The Intermediate Value Theorem (IVT) is a fundamental concept in calculus, which guarantees the existence of at least one value within an interval, assuming certain conditions are met. This theorem states that if a function \( f(x) \) is continuous on a closed interval \([a, b]\), and if \( f(a) \) and \( f(b) \) are of opposite signs, then there is at least one number \( c \) in the interval \((a, b)\) such that \( f(c) = 0 \).

Why does this matter? The IVT assures us that for any continuous function, if the function has different signs at the ends of an interval, then it must cross the x-axis at some point within that interval. In practical terms, if you have a curve where one end is above the x-axis and the other end is below, the curve must "touch" or "cross" the x-axis at least once. This can help in finding the roots of complicated functions by narrowing down the interval where they exist.

For the exercise given, even though Rolle's Theorem couldn't be applied, the Intermediate Value Theorem confirmed the presence of at least one root in the interval \((1, 3)\) because the function changes its sign from negative to positive across this interval.

Continuity of a function is one of the vital aspects of calculus, especially when applying theorems like the Intermediate Value Theorem or Rolle's Theorem. A function is said to be continuous over an interval if there are no breaks, jumps, or holes in its graph within that interval. Mathematically, a function \( f(x) \) is continuous at a point \( c \) if the following three conditions are satisfied:

• The function \( f(x) \) is defined at \( c \).
• The limit of \( f(x) \) as \( x \) approaches \( c \) exists.
• \( \lim_{x \to c} f(x) = f(c) \)

In the exercise's context, the function \( f(x) = x \log x + x - 3 \) is found to be continuous in the open interval \((1, 3)\). The reason is that it is composed of functions that are known to be continuous over that interval, specifically a logarithmic component (which is continuous where its argument is positive) and polynomial terms, which are continuous everywhere. This continuity is crucial to applying other principles like the Intermediate Value Theorem.

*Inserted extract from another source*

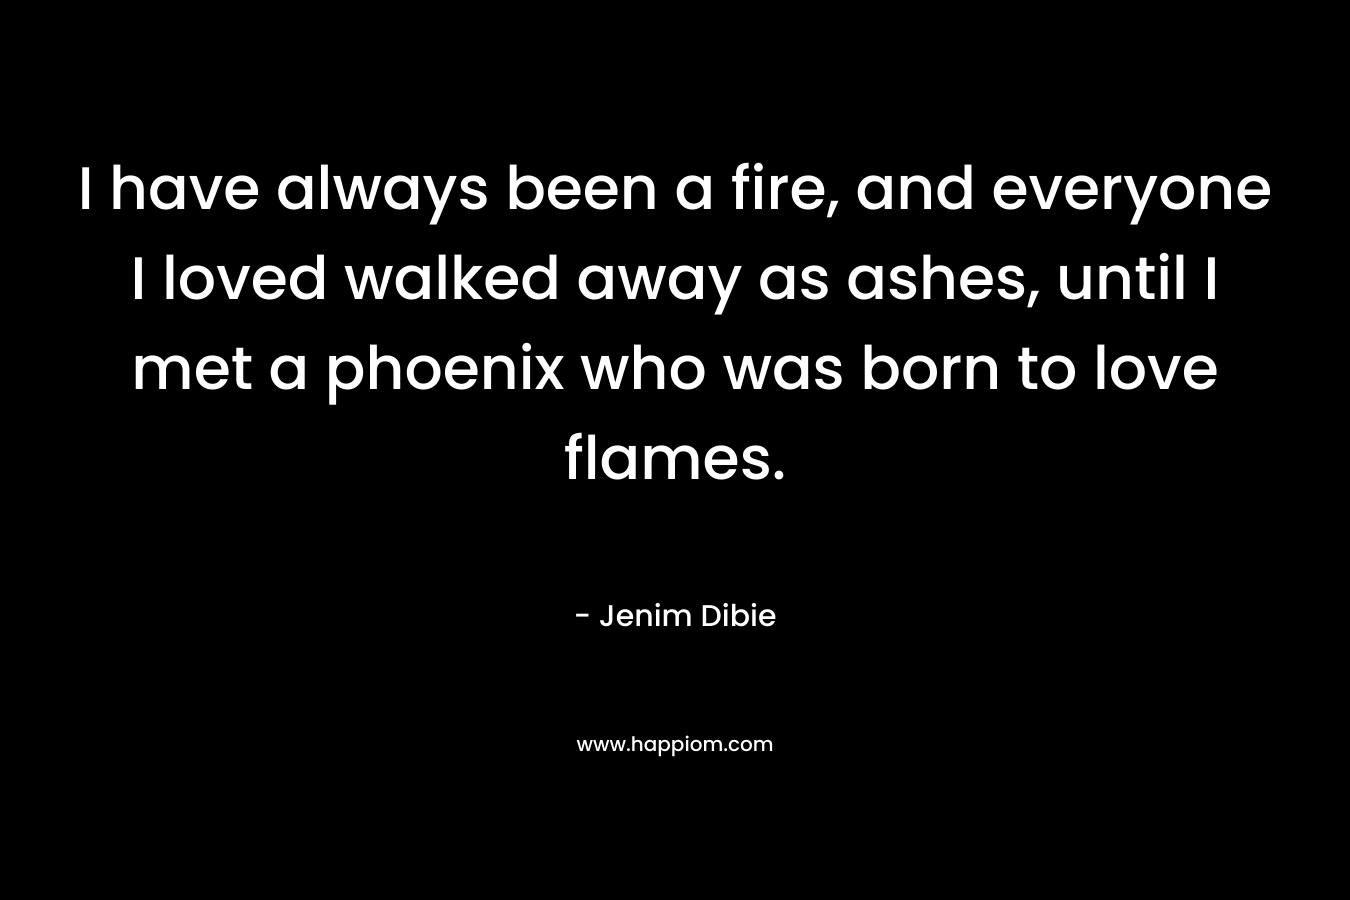 I have always been a fire, and everyone I loved walked away as ashes, until I met a phoenix who was born to love flames.

In simpler terms, continuity in this exercise means we can safely assume no sudden surprises in the function's behavior, allowing us to apply mathematical theorems with confidence.

Differentiability is a concept closely related to continuity but is a bit more specific. A function is differentiable at a point if it has a derivative at that point, meaning we can determine the rate at which the function is changing. For a function \( f(x) \) to be differentiable at a point \( c \), it must meet the following condition:

• The derivative \( f'(c) \) exists, which means that we can actually compute its value.

Differentiability implies continuity. However, the reverse isn't always true—meaning a function can be continuous without being differentiable at a point (think of a sharp corner or cusp).

In this exercise, the function \( f(x) \) is described as differentiable within the open interval \((1, 3)\). The presence of polynomial terms and the logarithmic function within these boundaries suggests it behaves smoothly enough to be differentiable across the interval. This property, while important for Rolle's Theorem, is still essential for analyzing how functions behave and finding critical points where the slope, or derivative, equals zero (which was our step towards Rolle’s Theorem before we used the Intermediate Value Theorem for root existence).

Understanding differentiability helps in providing insights into the function's smoothness and the behavior of its graph, especially when determining points where the function's slope changes or is flat.